In spite of the challenges faced by artists in our current political environment, Jennings remains hopeful quoting activist Grace Lee Boggs who said “these are the times to grow our souls.”

“It’s important to me to go beyond being reactive to today’s political realities and focus on being proactive, creating something new and hopeful for the future. It is very important to resist the politics of hatred and fear that are being perpetuated right now. And it is very important to rebuild a new and realistically hopeful vision for what our communities, state, and nation can be. And, for me, it is very important for that vision to be built on love and respect for each other and not getting too preoccupied with the lowest common denominators of greed and power that are so clearly surfacing now, and instead be part of a higher calling for the greater good of all of us.”

Bingham Continues the Fight

Sallie Bingham’s commitment to feminism was born early as she encountered the systemic sexism of mid-century America. “Privilege doesn’t protect women from the cultures’ harassment, abuse, and diminished expectations,” said Bingham. “I was often reminded of this when I was at college at Radcliffe in the 1950s by the condescension of the ‘boys’—Harvard students—and some of the instructors. I was not able to express myself openly until the blossoming of the movement in the 1970s and 80s in New York.”

Her activism was expressed in her writing and philanthrophy. Sallie’s first novel was published by Houghton Mifflin in 1961. It was followed by four collections of short stories; her most recent book, from Sarabande Books in 2014, is titled The Blue Box: Three Lives in Letters. She has also published six additional novels, three collections of poetry, numerous plays (produced off-Broadway and regionally), and the well-known family memoir, Passion and Prejudice (Knopf, 1989).

In 1985, she founded The Kentucky Foundation for Women with a mission to promote positive social change by supporting varied feminist expression in the arts. At the time, the focus on the arts was radical.

But Bingham knew the arts was a powerful tool for education, action, and self-realization. “The art created by talented women reaches under society’s prejudices, engaging people on an emotional, spiritual, or intellectual level that can make its message powerful,” said Bingham.

Her latest project, a biography of the philanthropist Doris Duke to be published by Farrar, Straus and Giroux in 2018, continues the work of recognizing the achievements of women.

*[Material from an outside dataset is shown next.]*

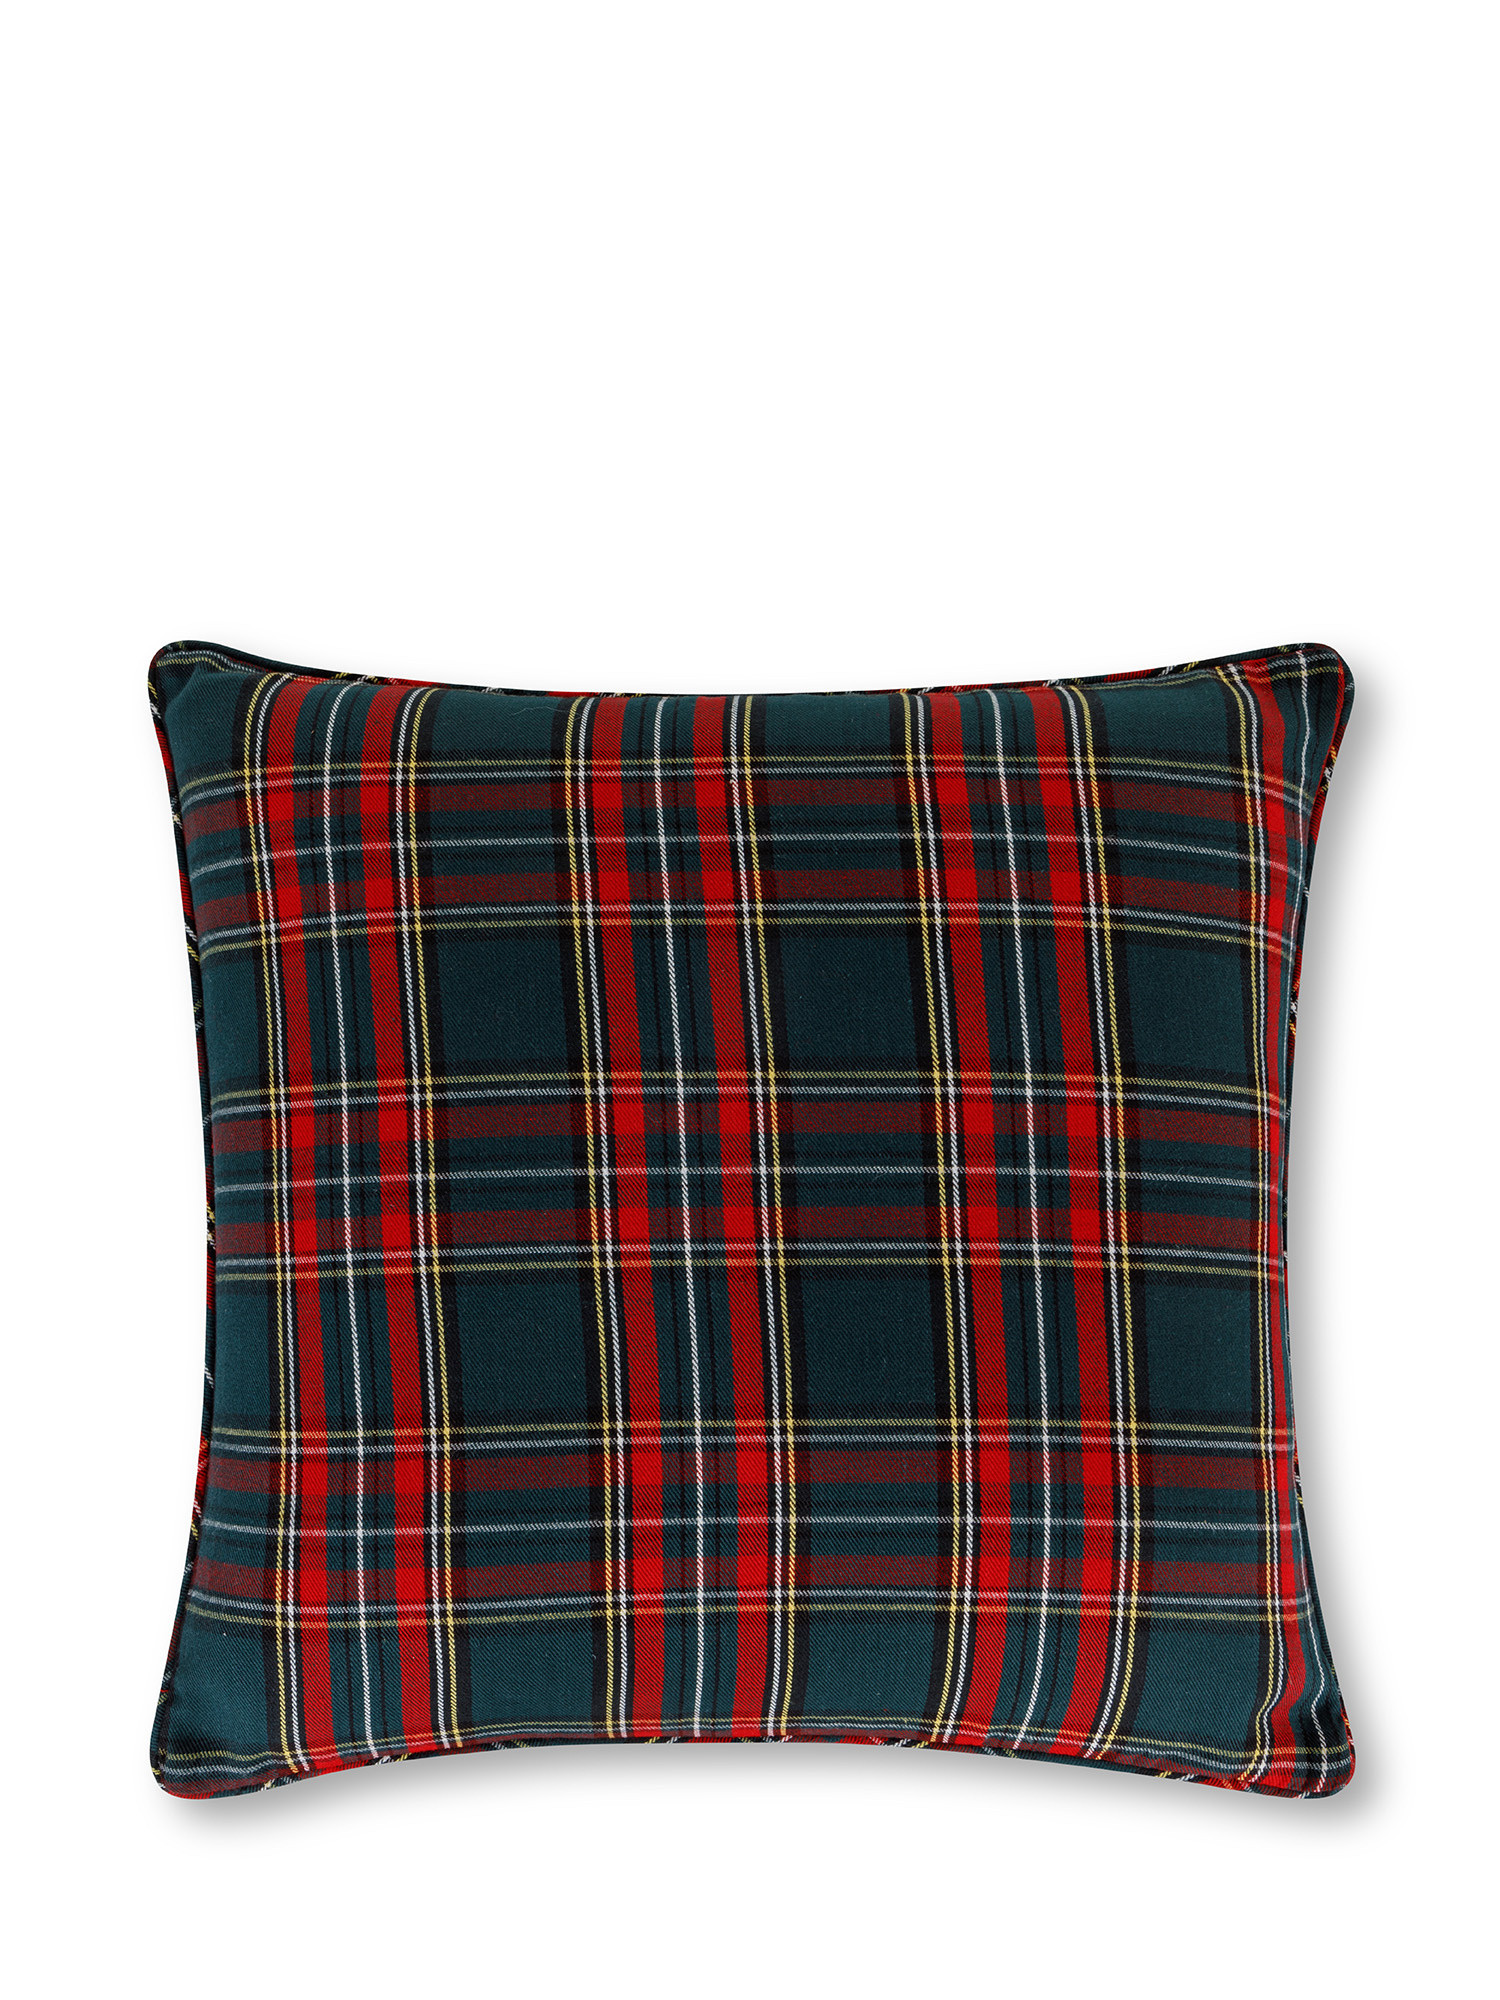 Tartan cushion 45x45 cm, Green, large image number 0

“Doris Duke was maligned in the press during her entire life, and her achievements as a philanthropist have never been acknowledged or celebrated. This still happens to any woman who steps out of the role she has been assigned by the culture. Doris travelled freely, spent freely, and had close relationships with men and women from different class or ethnic backgrounds. This is enough to condemn a woman to misunderstanding even today,” said Bingham.

She believes the struggle for equality continues. “Some women are now hired at higher levels than they were two decades ago, but pay inequality is still the rule of the game, advancement is limited, and in order to ‘get along’ too many women become voices for their male employers and apologists for discriminatory practices,” said Bingham. “As long as we are financially and otherwise dependent on men, equality will be a distant dream.”

Yet, she is encouraged by the work being done today by feminist activists and artists like Jennings. “This is a battle and will always be a battle; there is no room for self-pity. Acknowledge and celebrate the changes you have made in your own life, then join with your sisters—work to find them—to work together on social change.”